I am using the bottom half of a port to write data to an LCD in 4-bit mode and using the top half to output to another device. My trouble is that everytime I send data to the LCD, it changes the data on the top half of the port. Everthing is displayed correctly on the LCD, and everthing works when controlling the other device, but only after removing the LCDout commands. Your help would be very much appreciated.

TRISB = %00110000
TRISC = %00000100
TRISD = %11111111
TRISE = %1101
TRISF = %00000000
TRISG = %11101110

ADCON1 = %000000000111

ADCON1.7 = 1 'Right Justify the results

DEFINE LCD_DREG PORTF
DEFINE LCD_DBIT 0
DEFINE LCD_RSREG PORTC
DEFINE LCD_RSBIT 7
DEFINE LCD_EREG PORTC
DEFINE LCD_EBIT 6
DEFINE LCD_BITS 4
DEFINE LCD_LINES 2
DEFINE LCD_COMMANDUS 2000
DEFINE LCD_DATAUS 50

DEFINE ADC_BITS 10
DEFINE ADC_CLOCK 3
DEFINE ADC_SAMPLEUS 50

(rest of code removed for clarity)

PORTF = %10110000
LCDOut $FE,1,#B8

(rest of code removed for clarity)

(I get the value of B8 displayed OK, but this intereferes with my attempt to write 1011 to the top half of the port)

Dwayne
- 1st September 2004, 20:15
Hello Mark,

Mark>>
PORTF = %10110000
LCDOut $FE,1,#B8

(rest of code removed for clarity)

(I get the value of B8 displayed OK, but this intereferes with my attempt to write 1011 to the top half of the port)<<


I think what is happening is your computer Chip is too fast.
When you write to PORTF, you are writing B0,
PORTF=%10110000 (Writing B0)


And a immediate write of a #B8 will destory your B0.

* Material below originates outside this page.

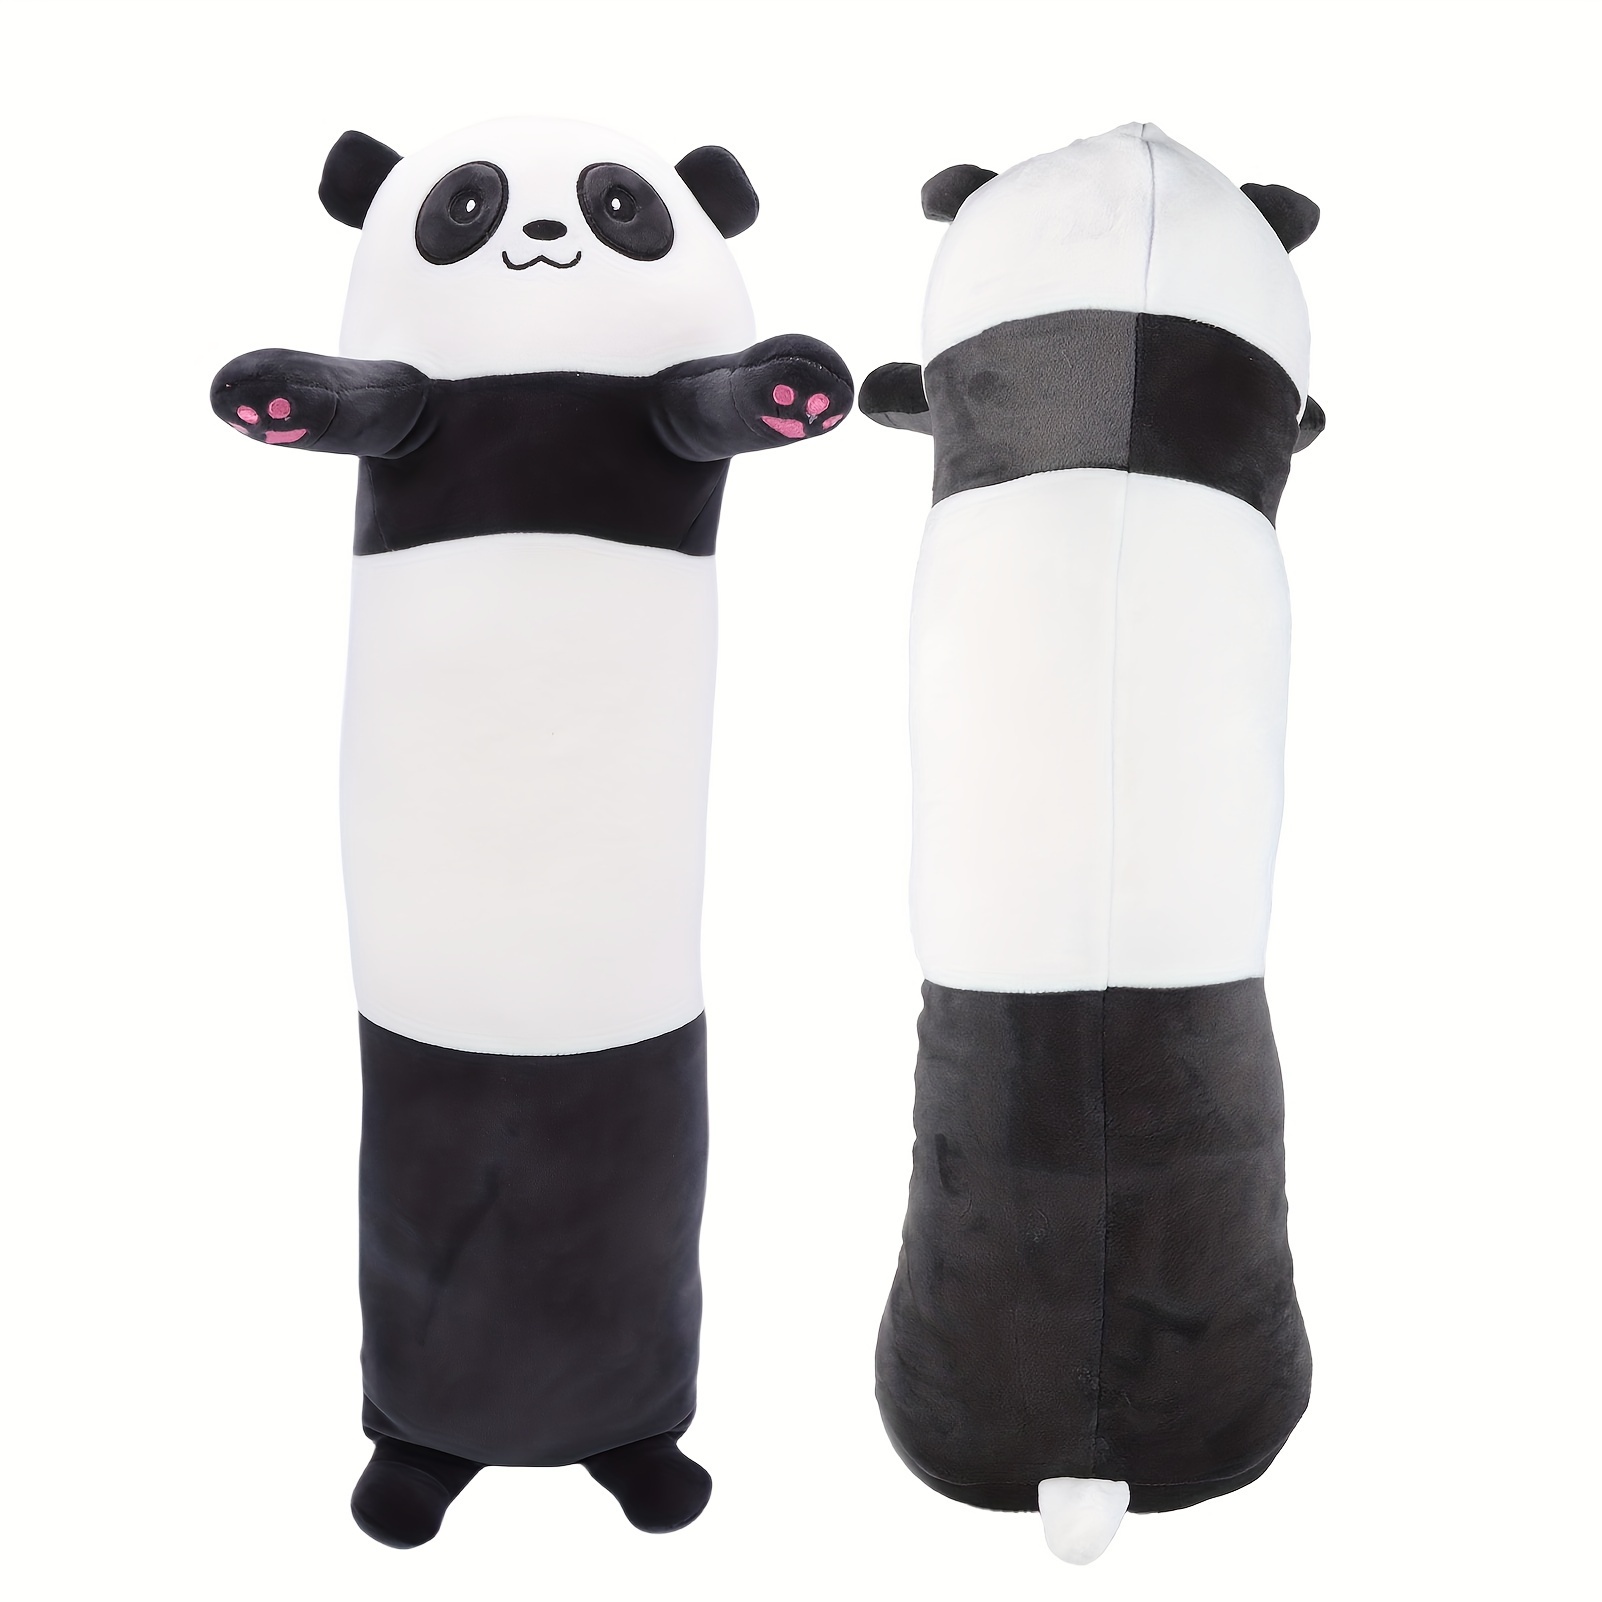 

Soft & Cuddly 24.8" Panda Plush Long Body Pillow - Perfect For Room Decor, Birthday Gifts & Snuggles, Ideal For Ages 0-3 Cuddly Pillow

You need to make SURE that the B0 is read BEFORE you write your #B8. If you don't, you r B0 is worthless and gone.

Maybe you need a PAUSE statement inbetween your statements. When you put a pause there, you are giving your device enough time to read Port f the first time. Then you are outputting your data to your screen.

PORTF = %10110000
PAUSE 1000 'enough time to ENSURE device reads Portf
LCDOut $FE,1,#B8


Dwayne

Mark Scotford
- 2nd September 2004, 21:53
Just found another problem (I am sinking fast) Using the same defines/TRIS etc as before, if I use PORTB.3 = 1 (for example) this does not work. If I use HIGH PORTB.3 this does work. This only applies to PORTB, for example I can use PORTC.1 = 1 with no problem. Please help.

Mark Scotford
- 2nd September 2004, 22:44
Thanks Dwayne, I tried putting a long pause in between statements and this did in deed sort the problem, this has created another problem, because I did need to update the LCD with an ever changing value (within a loop), without upsetting the write I am trying to do to the other half of the port. I thought that in the LCD DEFINE (4-Bit Mode), this meant theoretically that you isolated one half of the port from the other, but from my experience, and from what you suggested, this appears not to be the case, am I correct?

Ingvar
- 3rd September 2004, 09:51
Hi Mark,

It sounds like you have found the ReadModifyWrite "feature" of the pics. Even when you manipulate one bit on a port, the pic internally reads the entire port, modifies the bit and then writes it back to the port. This means that if you have a capacitive load on a pin, the pin will need some time to reach the "correct" value. If you try to change another pin on the port too soon, the pic will read an erronous value on the previous pin. The easiest solution is to wait for the pin/port to settle.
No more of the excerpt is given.